At the end, you will get a confirmation command, and also the ID in the database (pk, i.e. the principal key, and uuid).
  1. Configuration of the computer, using the:

    verdi computer configure COMPUTERNAME
    

    command. This will allow to access more detailed configurations, that are often user-dependent and also depend on the specific transport (for instance, if the transport is SSH, it will ask for username, port, …).

    The command will try to provide automatically default answers, mainly reading the existing ssh configuration in ~/.ssh/config, and in most cases one simply need to press enter a few times.

    Note

    At the moment, the in-line help (i.e., just typing ? to get some help) is not yet supported in verdi configure, but only in verdi setup.
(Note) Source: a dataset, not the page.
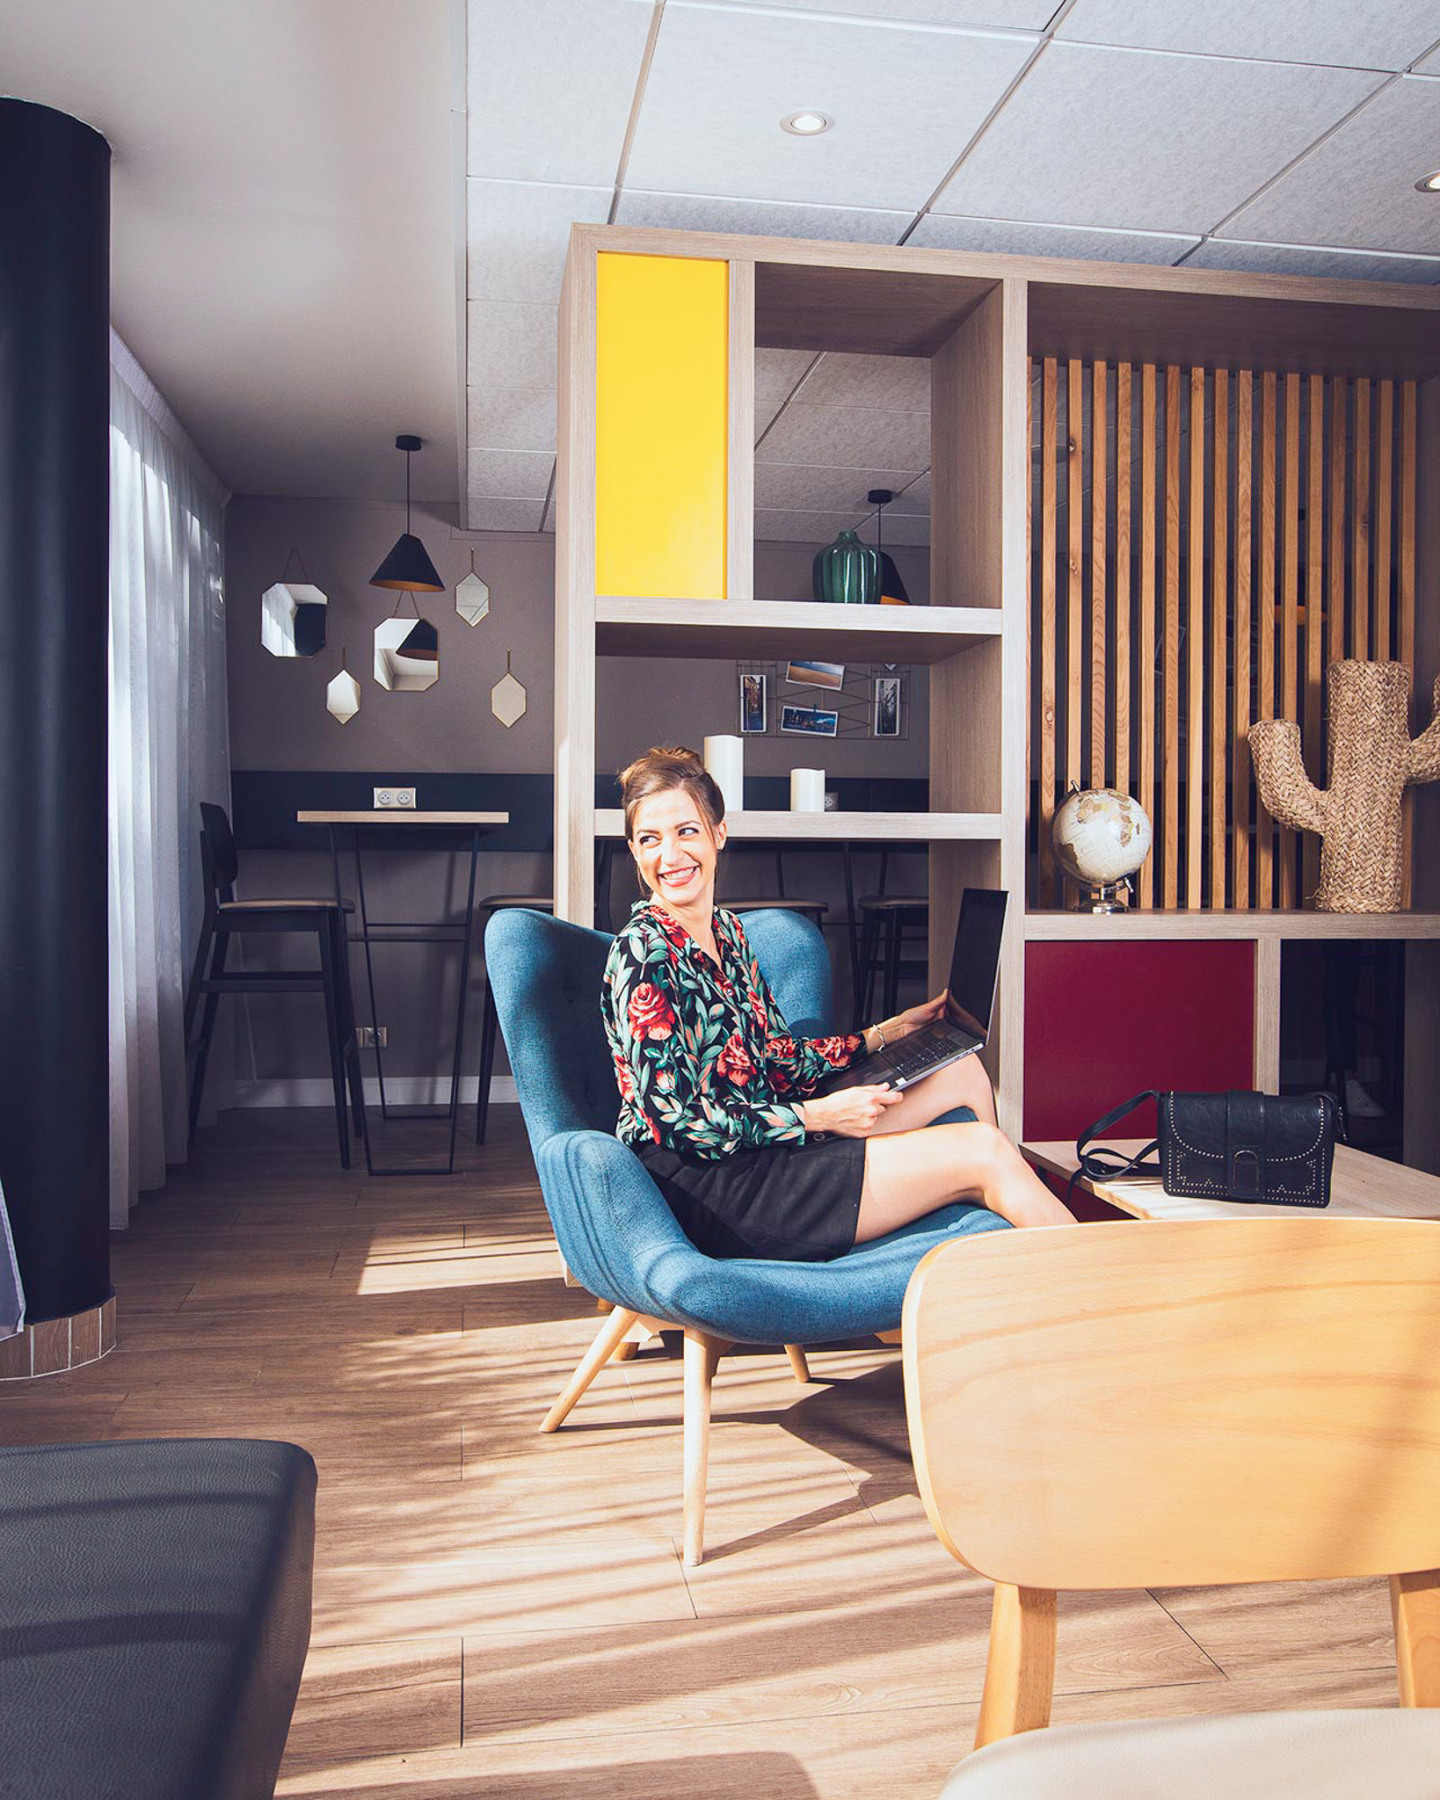 Femme souriante travaillant sur un ordinateur portable tout en s'asseyant confortablement dans un fauteuil en tissu bleu dans un appartement Appart'City, avec un intérieur moderne comprenant des étagères en bois, un bureau de travail, et une décoration intérieure élégante.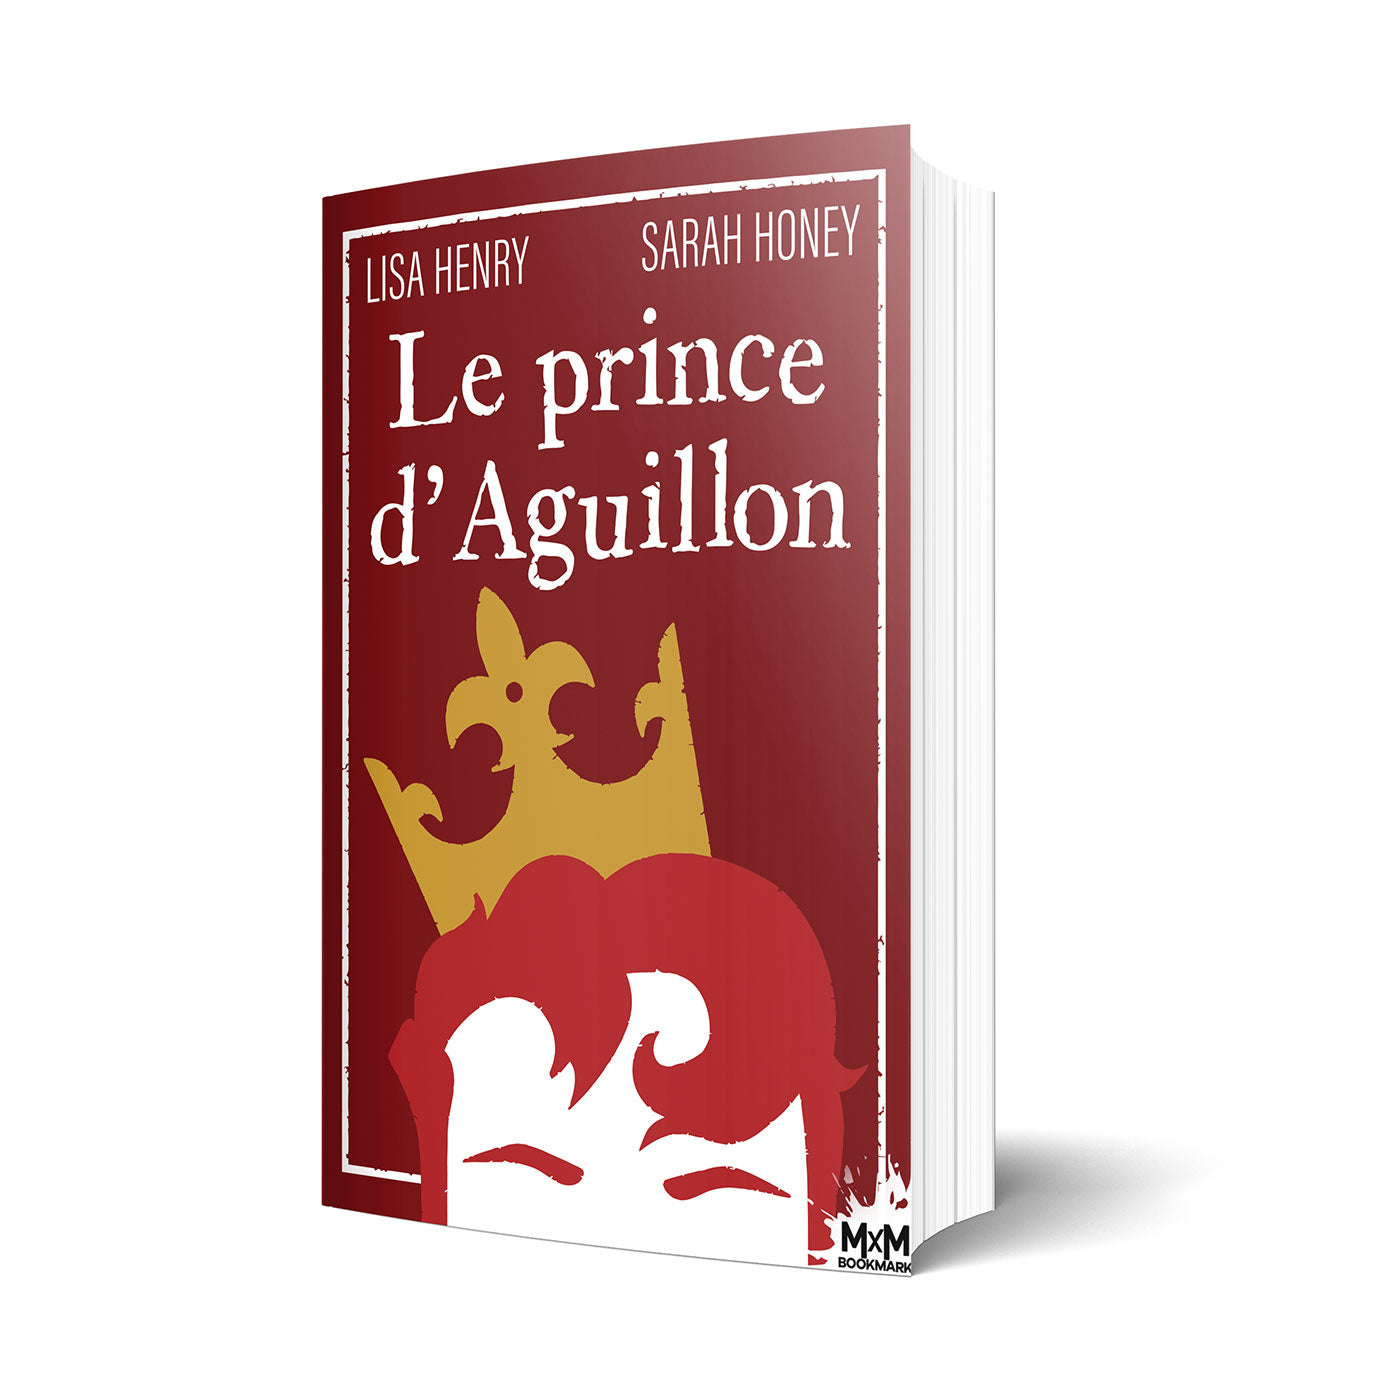 Le prince d'Aguillon - Les éditions Bookmark

    For local transport, you need to run the command, even if nothing will be asked to you. For ssh transport, the following will be asked:

    • username: your username on the remote machine
    • port: the port to connect to (the default SSH port is 22)
    • look_for_keys: automatically look for the private key in ~/.ssh. Default: True.
    • key_filename: the absolute path to your private SSH key. You can leave it empty to use the default SSH key, if you set look_for_keys to True.
    • timeout: A timeout in seconds if there is no response (e.g., the machine is down. You can leave it empty to use the default value.
    • allow_agent: If True, it will try to use an SSH agent.
    • proxy_command: Leave empty if you do not need a proxy command (i.e., if you can directly connect to the machine). If you instead need to connect to an intermediate computer first, you need to provide here the command for the proxy: see documentation here for how to use this option, and in particular the notes here for the format of this field.
    • compress: True to compress the traffic (recommended)
    • gss_auth: yes when using Kerberos token to connect
    • gss_kex: yes when using Kerberos token to connect, in some cases (depending on your .ssh/config file)
    • gss_deleg_creds: yes when using Kerberos token to connect, in some cases (depending on your .ssh/config file)
    • gss_host: hostname when using Kerberos token to connect (default to the remote computer hostname)
    • load_system_host_keys: True to load the known hosts keys from the default SSH location (recommended)
    • key_policy: What is the policy in case the host is not known. It is a string among the following:
      • RejectPolicy (default, recommended): reject the connection if the host is not known.
      • WarningPolicy (not recommended): issue a warning if the host is not known.
      • AutoAddPolicy (not recommended): automatically add the host key at the first connection to the host.
After these two steps have been completed, your computer is ready to go!

Note

If the cluster you are using requires authentication through a Kerberos token (that you need to obtain before using ssh), you typically need to install libffi (sudo apt-get install libffi-dev under Ubuntu), and make sure you install the ssh_kerberos optional dependencies during the installation process of AiiDA. Then, if your .ssh/config file is configured properly (in particular includes all the necessary GSSAPI options), verdi computer configure will contain already the correct suggestions for all the gss options needed to support Kerberos.

Note

To check if you set up the computer correctly, execute:

verdi computer test COMPUTERNAME

that will run a few tests (file copy, file retrieval, check of the jobs in the scheduler queue) to verify that everything works as expected.

Note

If you are not sure if your computer is already set up, use the command:

verdi computer list

to get a list of existing computers, and:

verdi computer show COMPUTERNAME

to get detailed information on the specific computer named COMPUTERNAME. You have also the:

verdi computer rename OLDCOMPUTERNAME NEWCOMPUTERNAME

and:

verdi computer delete COMPUTERNAME

commands, whose meaning should be self-explanatory.

Note

You can delete computers only if no entry in the database is using them (as for instance Calculations, or RemoteData objects). Otherwise, you will get an error message.

Note

It is possible to disable a computer.

Doing so will prevent AiiDA from connecting to the given computer to check the state of calculations or to submit new calculations. This is particularly useful if, for instance, the computer is under maintenance but you still want to use AiiDA with other computers, or submit the calculations in the AiiDA database anyway.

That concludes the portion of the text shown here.